So my best friend in the entire world, M, is super pissed off at me right now. The reason? My friend R and I are getting married on Tuesday..... it's a sham wedding so he can get my spouse pass at work. Because I used to work with him and everyone knows us, they know that we're not really a couple, however, if we have a wedding certificate then he can get this stupid pass and we can have our sham wedding annulled. My bestest thinks that I'm making a very very stupid mistake and that I'm going to regret it. Why would I regret it though? Who gives a shit? M told me I clearly did not value marriage and that I shouldn't fuck around with things like that, as if it's the occult. This isn't a real wedding and it's not a real marriage, R and I are going to city hall, we're going to sign some papers, then we'll go to work and he'll get his spouse pass, then we'll sign some more papers to state that this marriage never happened. It's all just paperwork and the only person getting hurt at the end of the day is work. PAPERWORK.
What is a marriage anyways? Does it mean you love the person more just because you signed some papers and had a big party? None of this shit matters. The only thing that matters at the end of the day is how you feel about the other person, how much you love them and the love you share. I'm not sure who ever invented marriage but it isn't and never has really been about love as it's believed to be. It's about legalities. If one day you are lucky enough to meet someone that you want to spend the rest of your life with why is it so important to get married? Marriage can also end in divorce. Marriage is a way to screw your partner in case you ever decide to get divorced.
I may be taking this whole marriage thing lightly, but I don't take love lightly. I will not give my heart away to someone undeserving. I've said it time and time again, I rather be single forever then be with the wrong person for the rest of my life.

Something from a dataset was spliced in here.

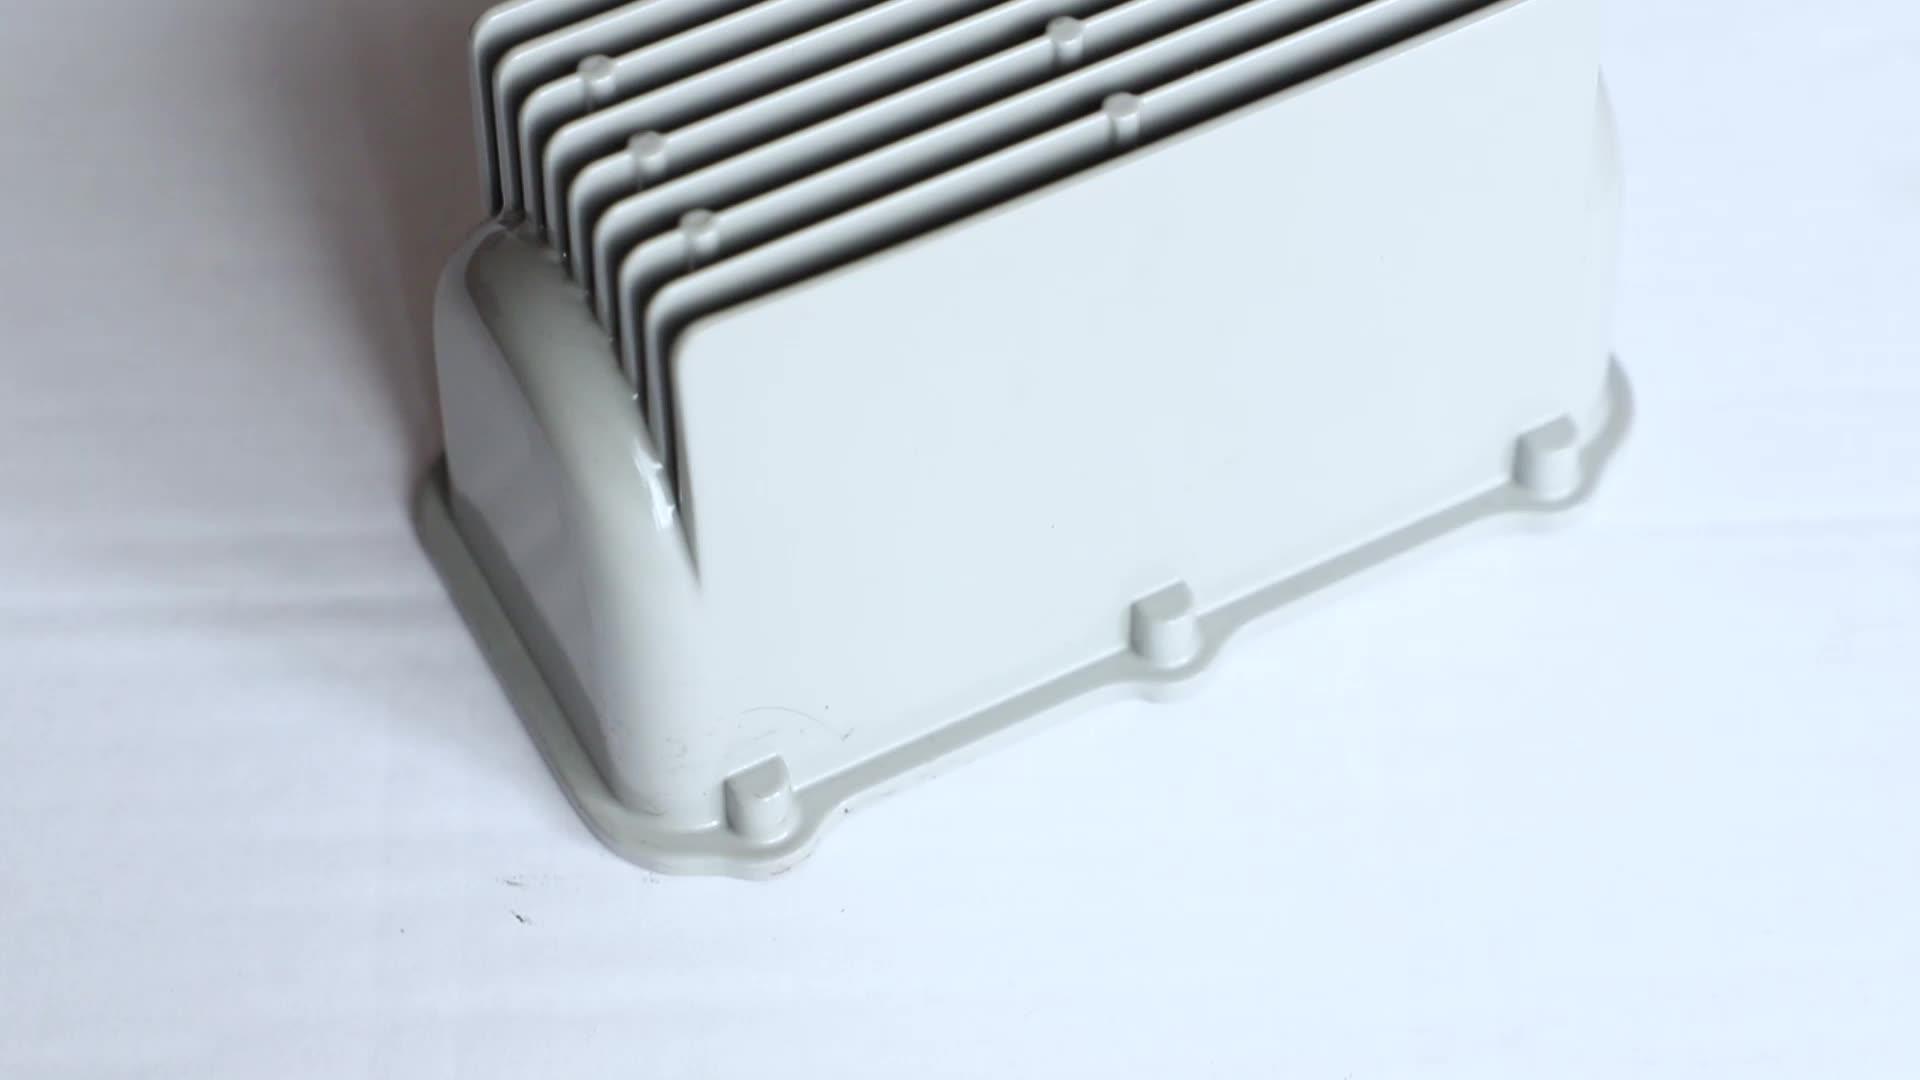 OEM angepasst aluminium druckguss form/injection mould

Anyways, so that is why M is so pissed at me right now. This whole thing was supposed to be a joke but I've already been reamed out by two of my friends. WHO CARES??? Right now, I'm bummed about a lot of other things going on. My sunny disposition isn't so sunny right now. All I need are my friends by my side, I need someone to help remind me of the wonderful things in life that I love so much. Right now, I feel as though I'm constantly surrounded by assholes and bullshit and the last thing I need is get bitched out by one my favourite people in the world over some ridiculous sham wedding.
I'm also starting to think the boy I have a crush on may not have a crush on me.....
I am desperately seeking peace, not necessarily within myself but with the universe. Please stop fucking with me and show me the beautiful things. I think I need to find a tent and go spend a few nights alone in the woods....
Listen to: Ready for the Floor by Hot Chip
I've Got So Much Love by Bastian Bates (or there is also an alternate version done
by DJ Falcon)
I've Been Thinking by Handsome Boy Modeling School feat. Cat Power
Watch: http://www.vimeo.com/1745897
It's not as amazing as the skate video I posted before, but it's a beautiful video none the less.